Подал голос пес. Собственное лицо казалось мне крошечным и растерянным между толстыми пунцовыми ушами. Я откинулся на спинку и пронзительным взглядом впился в телефон. Несколько секунд тот крепился, но все-таки зазвонил. Естественно, я решил, что это она, и жадно схватил трубку.
— Алло!
— Джон Сам? Говорит Кадута Масси.
— Наконец-то, — сказал я. — Высокая честь для меня.
— Рада вас слышать, Джон. Но прежде чем мы встретимся, хотелось бы кое-что прояснить.
— Что именно, Кадута?
— Например, сколько, по-вашему, у меня должно быть детей?
— Я думал, одного хватит.
— Нет, Джон, не хватит.
— Что, больше?
— Гораздо больше.
— Сколько примерно? — спросил я.
— Джон, я считаю, у меня должно быть много детей.

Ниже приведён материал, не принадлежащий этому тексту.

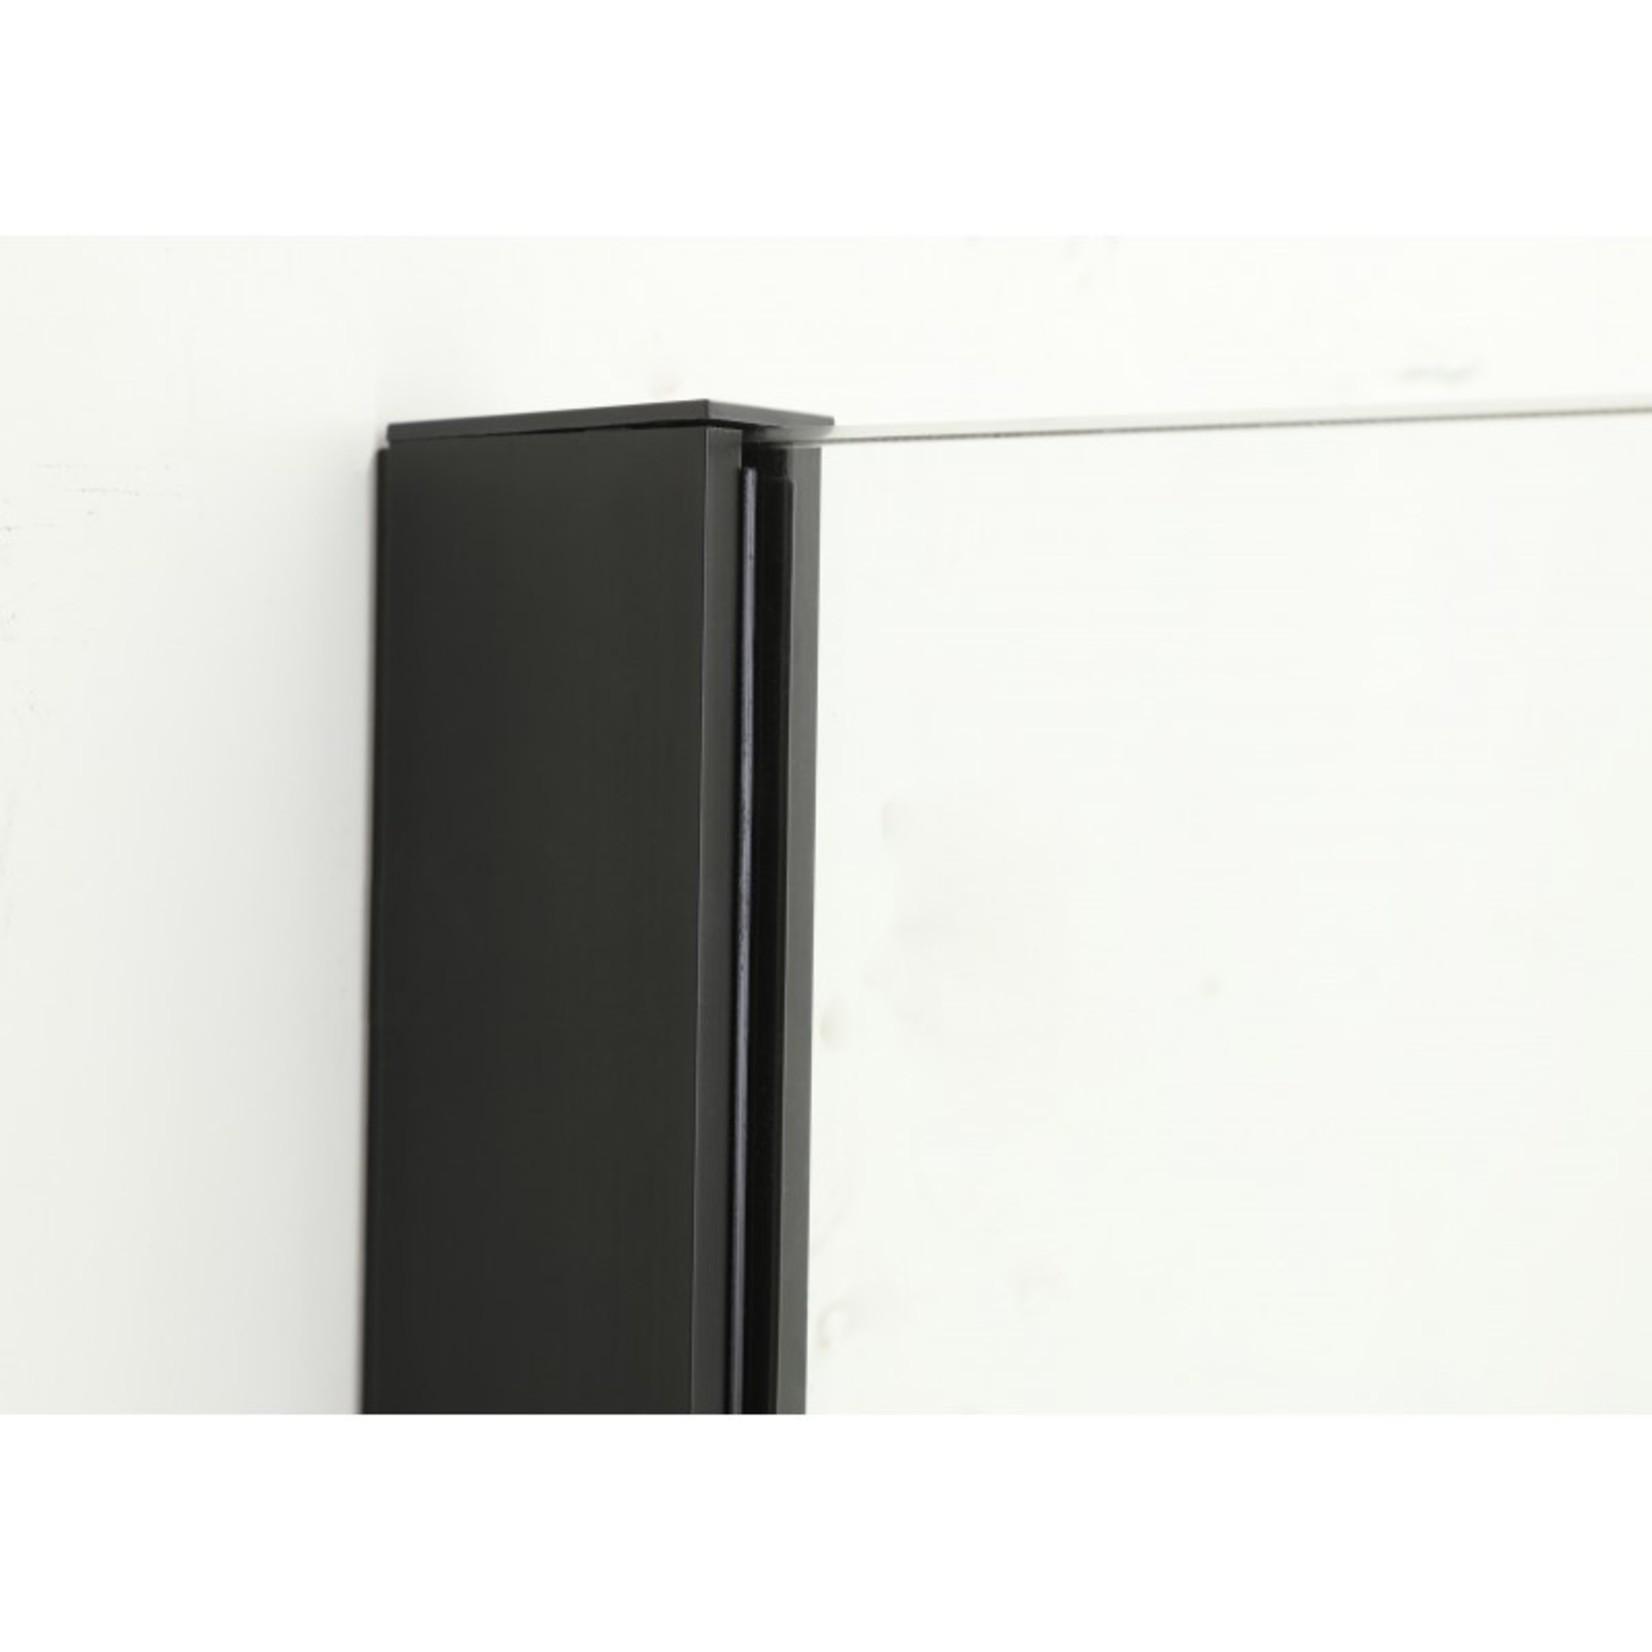 Douche en verre style Italienne 36'' Noir Mat DI20P-BLACK-36

— Ладно. Почему бы, собственно, и нет. Сколько все-таки — три, четыре?
— Посмотрим, — произнесла Кадута Масси. — Джон, я рада, что вы меня поняли. Большое спасибо.
— Рад стараться.
— И вот еще что. По-моему, у меня должна быть мать — седая, в черном платье. Но это не так важно.
— Хорошо, договорились.
— И вот еще что. Как вы думаете, может, мне изменить имя?
— На какое?
— Еще не знаю. На какое-нибудь более подходящее.
— Как скажете. Кадута, давайте встретимся.
После этого я заказал в номер целую батарею коктейлей и штабель тарталеток. Заказ принес тот же чернокожий коридорный, балансируя серебряными подносами на кончиках напряженных пальцев. Мелких купюр у меня не оставалось, пришлось дать ему на чай пятерку. Он скользнул взглядом по ряду бокалов, затем по мне.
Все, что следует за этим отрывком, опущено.